At the end of the day, does it matter? Very few PhD students are genuinely top tier. Most of us are happy making a dent in our little niche and will probably get comfortable jobs afterwards. Unfortunately things inevitably become a slanging match :(


This is a big US/EU cultural difference in CS. In American CS, in many sub-areas, conferences are considered the top place to publish: CHI, SIGGRAPH, NIPS, etc. are basically the most prestigious place to publish, and are frequently cited. In some areas the journals are actually less prestigious: there is no HCI journal that matches ACM CHI's impact factor or name recognition. And many AI journals are considered worse then AAAI or IJCAI as publication venues (though JMLR and JAIR are well-respected journals).

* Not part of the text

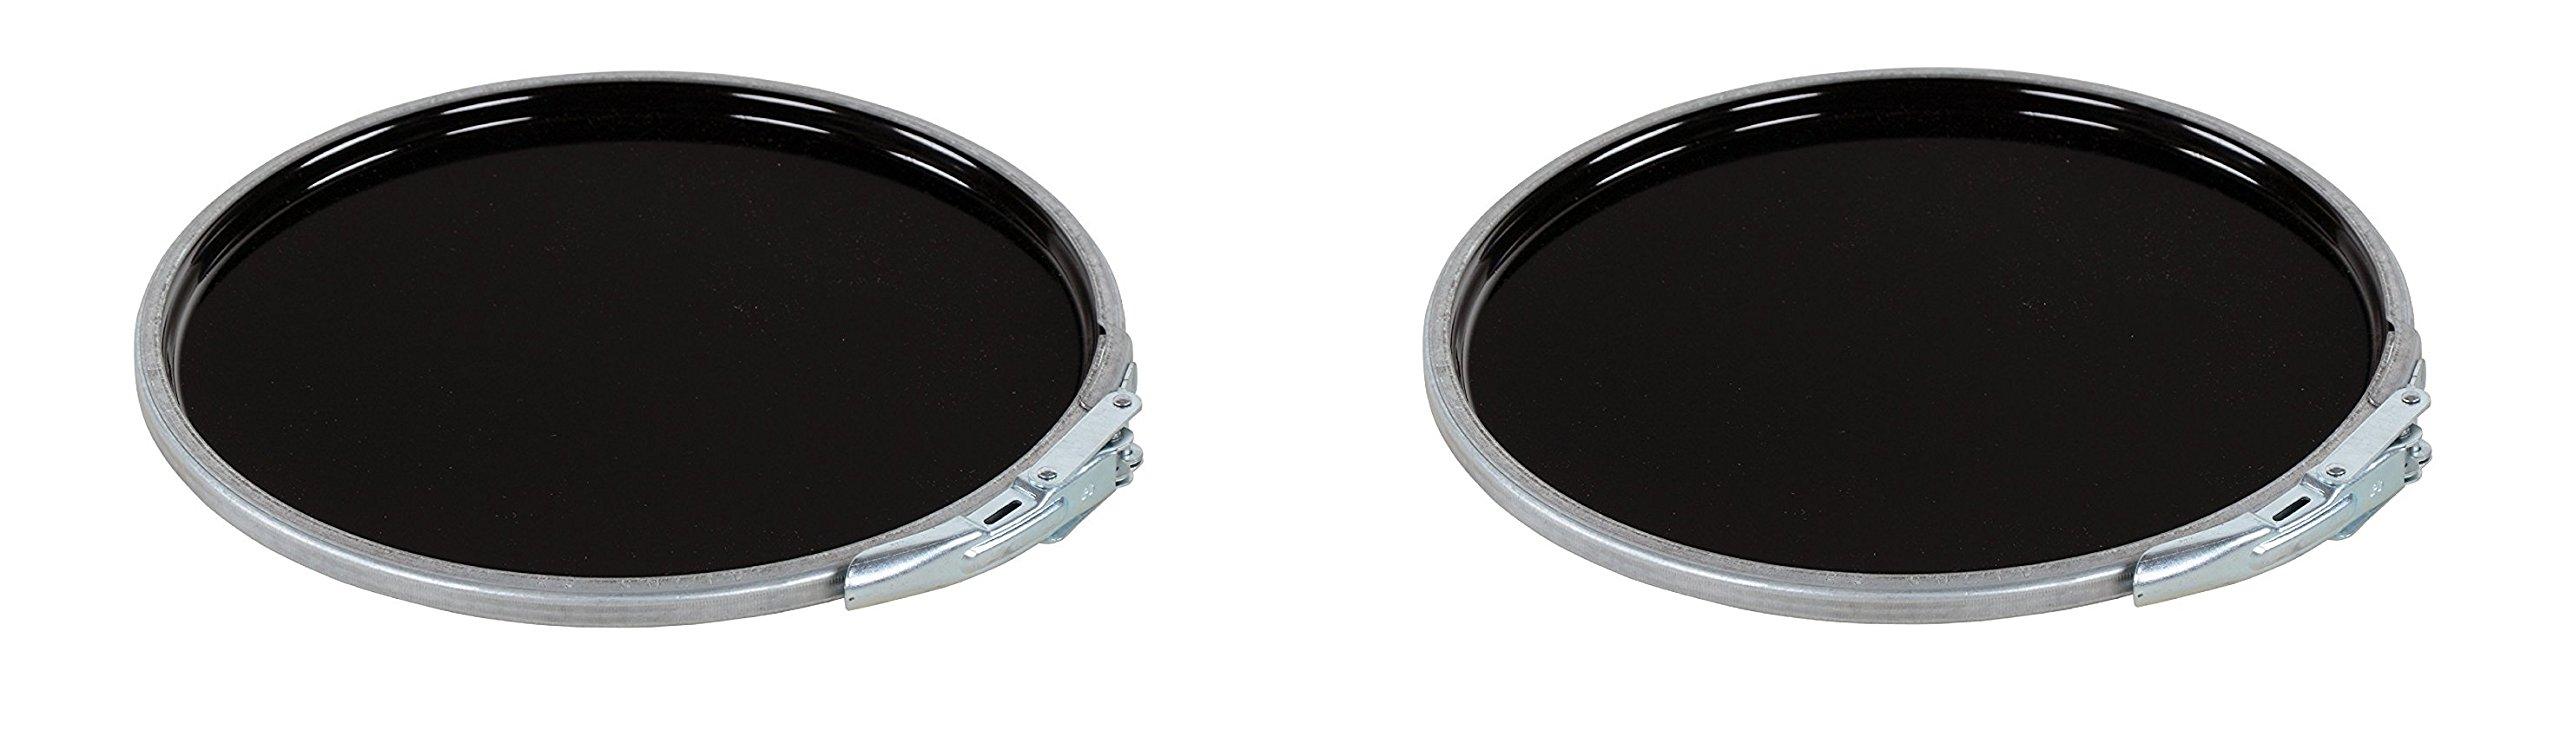 Vestil LID-STL-LL Steel Lever Lock Pail Lid, for 5 Gallon, Black (Pack of 2)

But in Europe, it's more similar to the way it is in other fields in the US, such as physics: conferences are considered a fine place to present small bits of work, or work in progress, but not a proper archival publication for major results, which should go in journals. Journal articles get the main prestige and are what's expected on a CV, and citations to journals are strongly preferred over citations to proceedings.

This leads to an interesting situation where some prominent tenured professors in the U.S. would be weak candidates for European faculty positions, and vice versa.


Hence why I mentioned in my field, often the top publications are in ICCV/CPVR/SIGGRAPH and these are valued a lot more than many journals. As most of the work I review falls under computer science, I read a lot of highly cited conference papers. I'm also

I did get the impression that people tended to republish really 'big' results in places like IJCV or TPAMI. But, coming from a physics/UK background I guess I'm sufficiently biased towards journals!


Stuff like this is why people hate academia. Its research, its not a pissing contest. What are you trying to accomplish here?


Well. The original question author did ask for "proof" that people get more stuff done during a US phd vs a UK one.


In Europe you typically need a masters degree before you start a PhD program. In the US you don't - you can think of it as a 2+3 type program where you spend the first couple of years taking classes (and getting your masters) and the next three doing your thesis.


I always thought part of the reason was that students in the US basically spend 2 years in their undergraduate degree taking general courses. So US graduate students spend the first few years taking graduate courses rather jumping straight into research. There's lag. That's just my own speculation though.